U.S. regional airlines have always been perceived as tertiary to the majors and low-cost carriers that are household names in the country. But despite the low-key brand awareness, most U.S. passengers have some first-hand experience with regionals as legacy carriers increasingly rely on these smaller operators for feed.
Those feeder contracts used to be lucrative, with the majors assuming most of the risk while providing nearly double-digit margins for a slew of regional companies. Indeed, these contracts were so healthy that regional airlines at times came to the financial aid of those same majors.
But those days are long gone, as mainline operators rein in costs, restructure the loosely written capacity purchase agreements and stringently enforce every condition of the new contracts.
The effect of these changes has been devastating. Mesa Air Group, a leading force in the growth of 50-seat jet feed in the early part of this century, is a shadow of its former self, having shed most of its fleet during a Chapter 11 protection proceeding from which it emerged last year as a privately owned company with just a handful of contracts.
ExpressJet has disappeared completely after rewritten contracts by then-owner Continental Airlines eventually forced a sale to SkyWest, once a stalwart of fiscal sobriety that is now posting consecutive quarterly losses because of that acquisition. Elsewhere, Pinnacle Airlines’ future is bleak after recently noting that only two of its contracts—both with Delta Air Lines—are viable, and Republic Airways’ journey into mainline branded operations has come almost full circle as the carrier attempts to offload Frontier Airlines. Alarmingly, Republic last week also promoted its relationship with AMR Corp., which entered Chapter 11 on Nov. 29, 2011, as its saving grace.
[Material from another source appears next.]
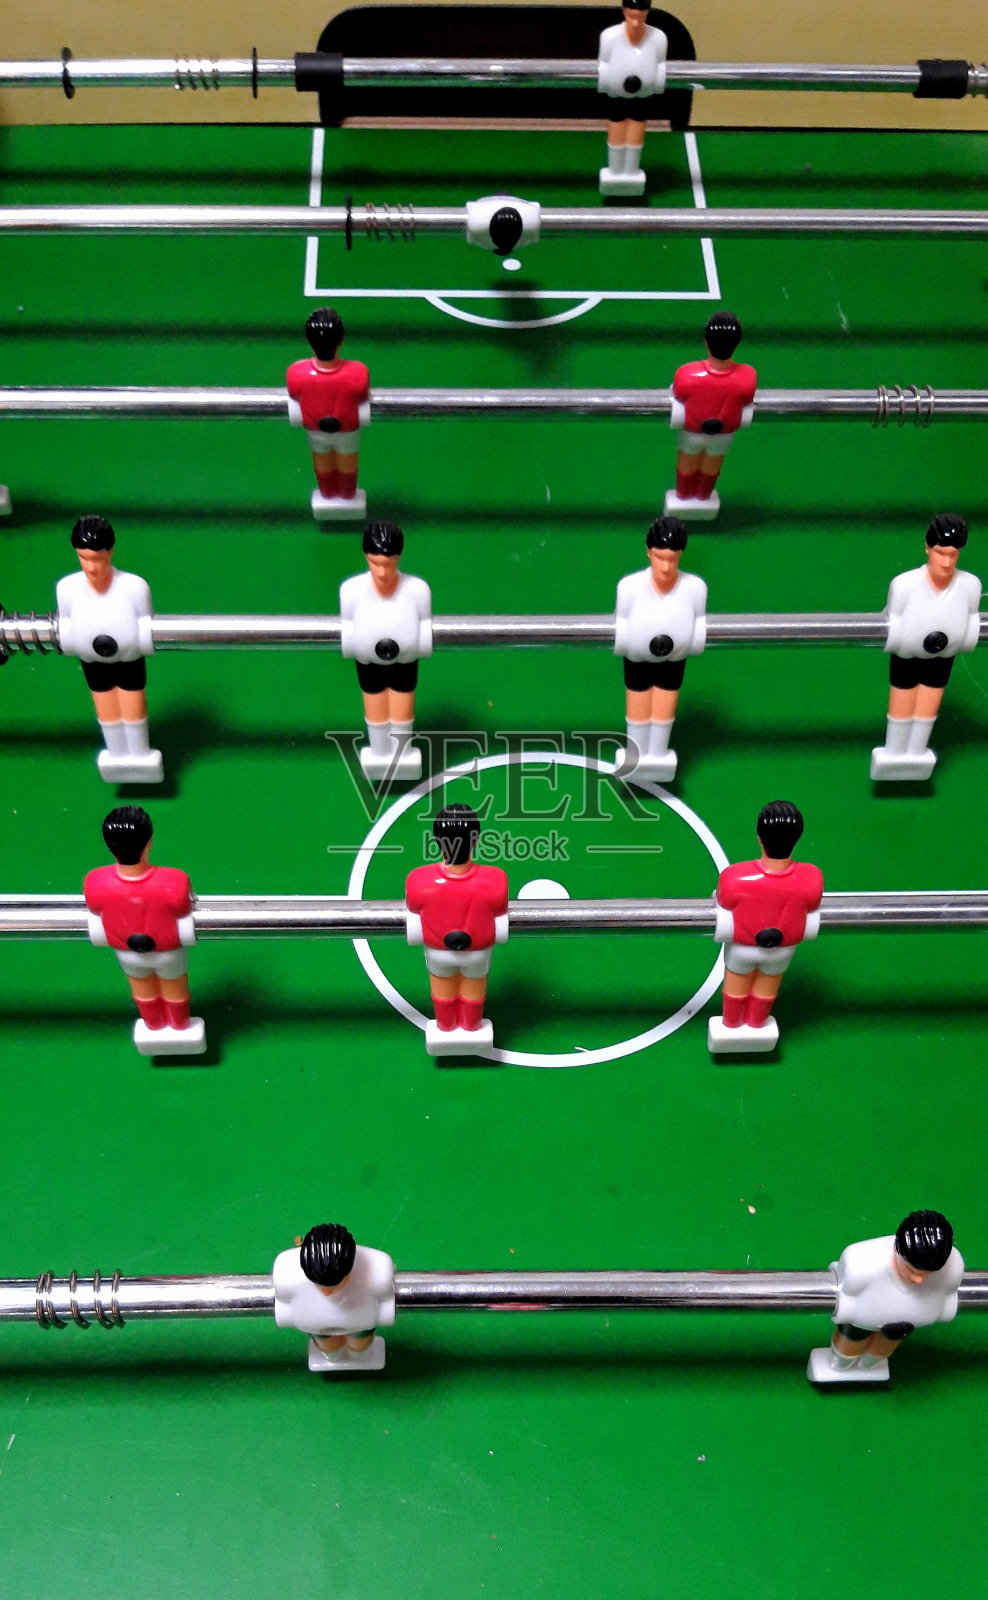 桌上足球红白塑料球员排成一排进行比赛照片摄影图片

The viability of privately owned Trans States Holdings and Air Wisconsin is less known, although chatter from within indicates all is not well at either carrier, and while US Airways’ patronage of Air Wisconsin means the feeder will shift capacity from New York LaGuardia to Washington Reagan National Airport, it came at the expense of the major’s own regional subsidiary, Piedmont Airlines.
Piedmont’s distress is mirrored at other wholly owned feeders, with Delta’s Comair perpetually for sale and AMR’s American Eagle Airlines operation under review and likely dependent on a combination of new scope clauses and drastic cuts in fleet costs.
The regionals’ only option is to ask suppliers to share their pain. Now this is nothing new to the airline industry and the majors have asked the same of their suppliers, which included the regionals. But this temporary solution does little to stanch a systemic problem in the regional airline industry. It simply cannot survive with the current business model.
And it will only get worse. While reduced aircraft payments will provide a timely reprieve for many operators, there are other issues that need to be resolved, many of which were summarized in an internal memorandum posted this month by Mesa Chairman/CEO Jonathan Ornstein.
In that message, Ornstein warned that while his Chapter 11 reorganization eliminated some aircraft costs, the downsizing of the U.S. airline industry has produced a crew roster heavy in seniority but with a smaller fleet to spread that higher cost. Compounding this is an unexpected maintenance requirement for the airline’s fleet of Bombardier CRJ900s that the launch customer thought was coming several years from now, and, says Ornstein, new regulations that will increase fixed costs.
But the most telling part of that memo was Ornstein’s insistence that he, like his peers, is signing contracts that will never make a profit simply to “live to fight another day.” This can only ensure that the regional industry is destined for failure.
Consolidation has been a byword for the global airline business model for years, but that will do little to help U.S. regionals; in fact, it has contributed to their dilemma. Something deeper is required, but for now that solution is as absent as their profits.